Melissa Donovan at "Writing Forward" publishes some of the best tips for emerging Writers.
- Do it. Write.
- Read as much and as often as you can. Remember, every writer is a reader first.
- Keep a journal or notebook handy at all times so you can jot down all of your brilliant ideas.
- Make sure you have a dictionary and thesaurus available whenever you are composing.
- Be observant. The people and activities that surround you will
provide you with great inspiration for characters, plots, and themes.
- Invest in a few valuable resources starting with The Chicago Manual of Style
, Eats, Shoots & Leaves: The Zero Tolerance Approach to Punctuation
, and The Elements of Style, Fourth Edition
.
- Grammar: learn the rules and then break them.
- Stop procrastinating. Turn off the TV, tune out the rest of the world, sit down, and write.
- Read works by highly successful authors to learn what pleases publishers and earns a pretty penny.
- Read works by the canonical authors so you can understand what constitutes literary achievement.
- Join a writers’ group so you can enjoy support and comradery in your craft.
- Create a space in your home especially for writing.
- Proofread everything at least three times before submitting your work for publication.
- Write every single day.
- Start a blog. Use it to talk about your own writing process, to
share your ideas and experiences, or to publish your work to a live
audience.
- Subscribe to the top writing blogs on the Internet. Read them, participate, and enjoy!
- Use writing exercises to expand your talents and explore different genres, styles, and techniques.
- Let go of your inner editor.
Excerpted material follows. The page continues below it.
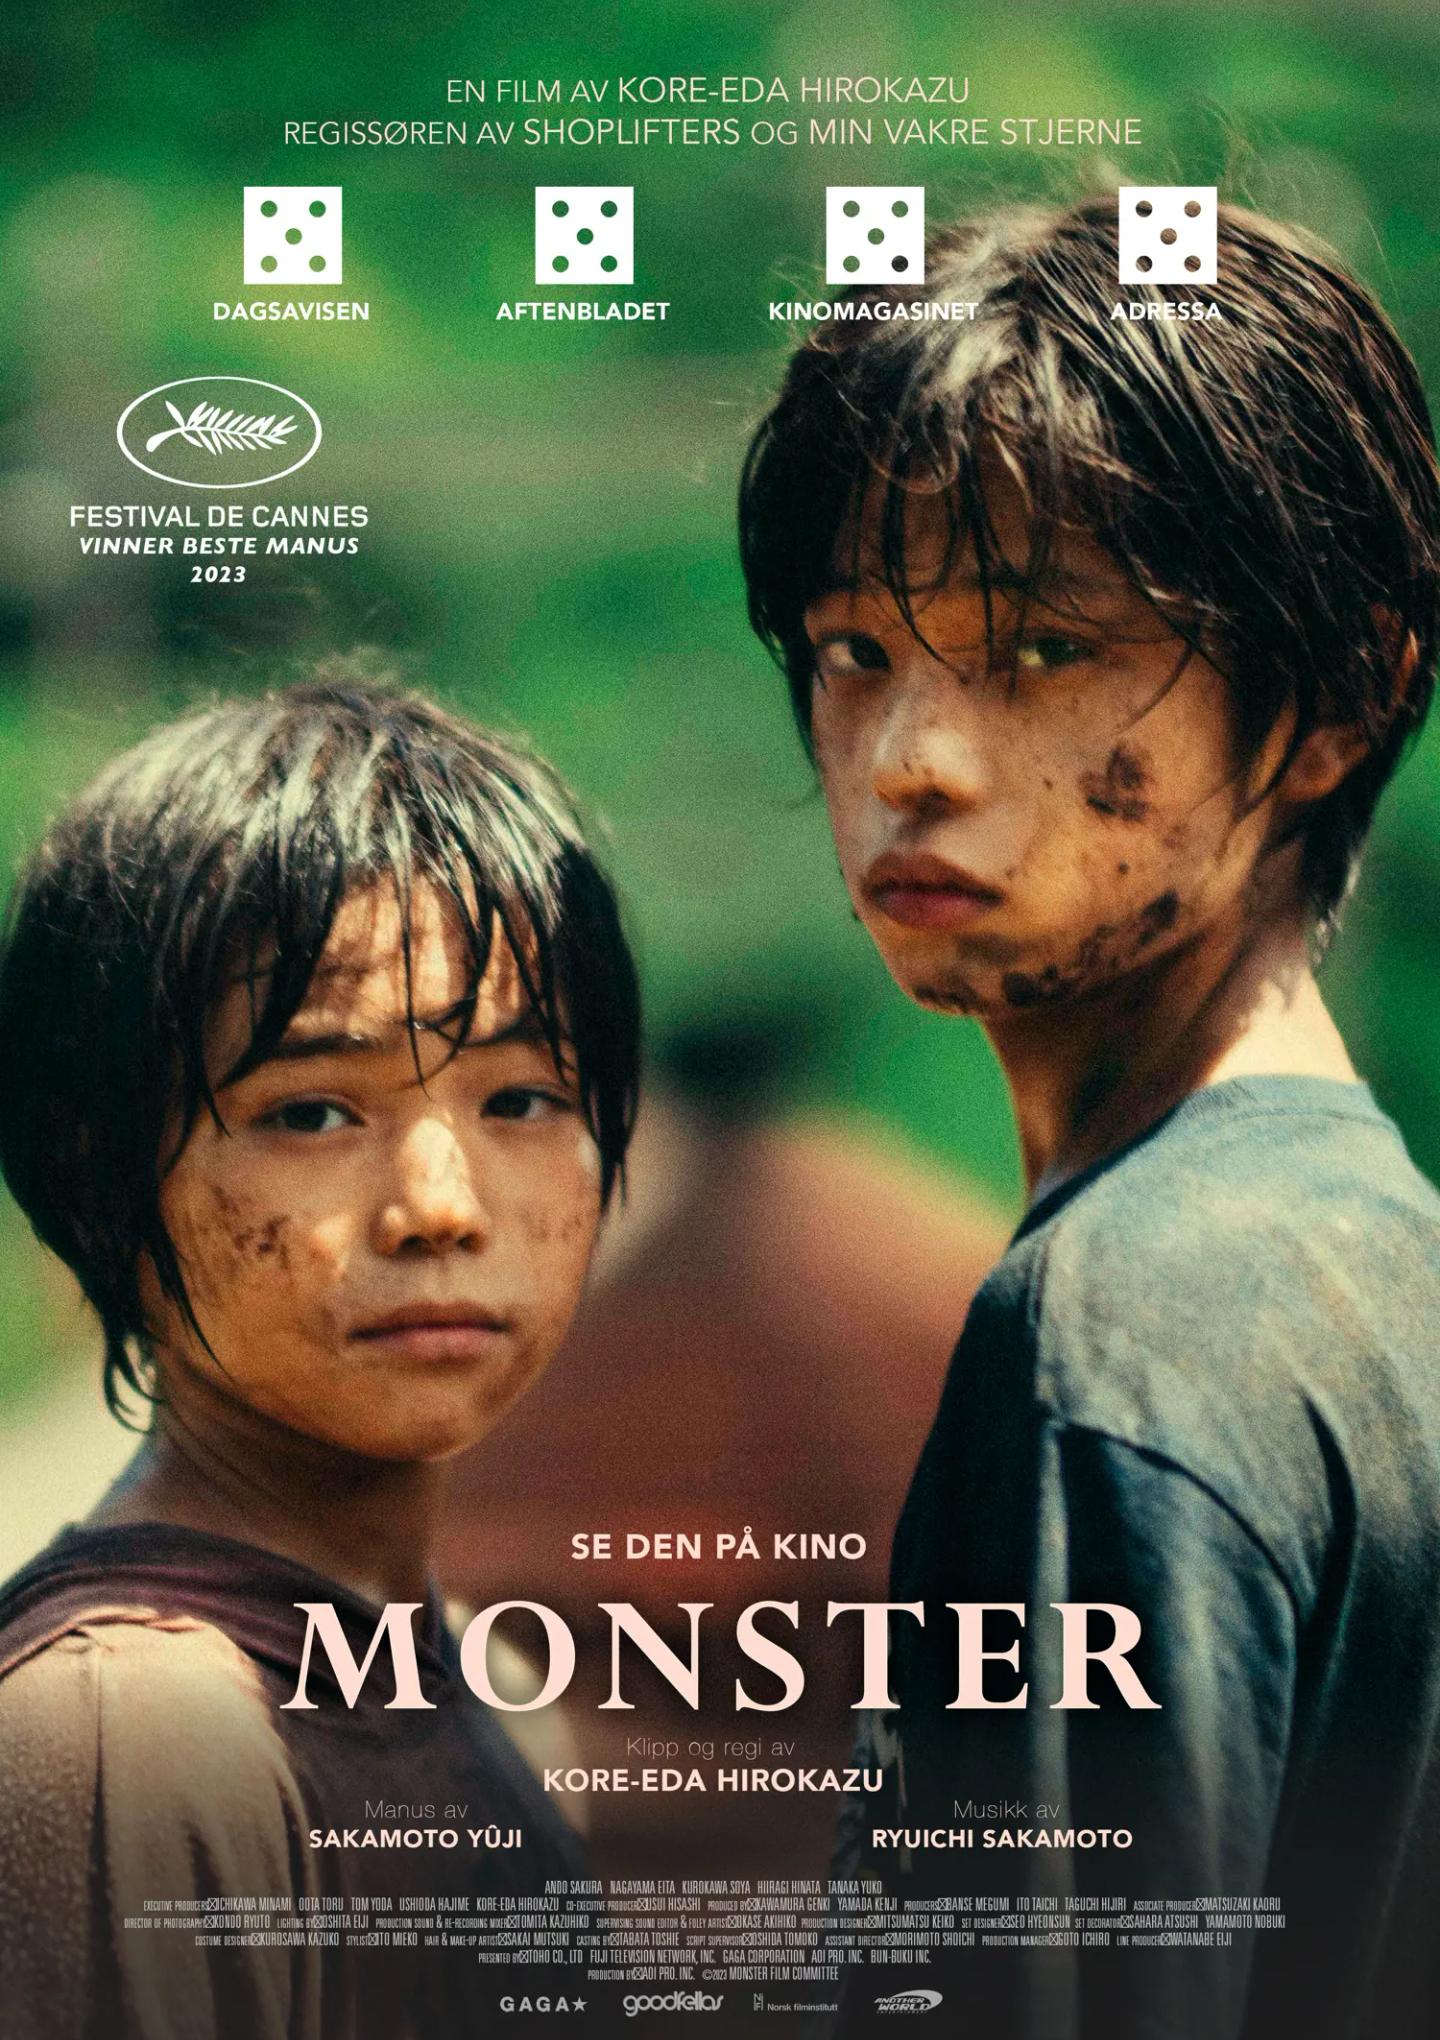 Plakat for 'Monster'

When you sit down to write a draft, refrain from proofreading until that draft is complete.
- Allow yourself to write poorly, to write a weak, uninteresting
story or a boring, grammatically criminal poem. You’ll never succeed if
you don’t allow yourself a few failures along the way.
- Make it your business to understand language. Do you know a noun
from a verb, a predicate from a preposition? Do you understand tense
and verb agreement? You should.
- You are a writer so own up and say it out loud, “I am a writer.”
Whether it’s a hobby or your profession, you have the right to this
title.
- Write, write, write, and then write some more. Forget everything else and just write.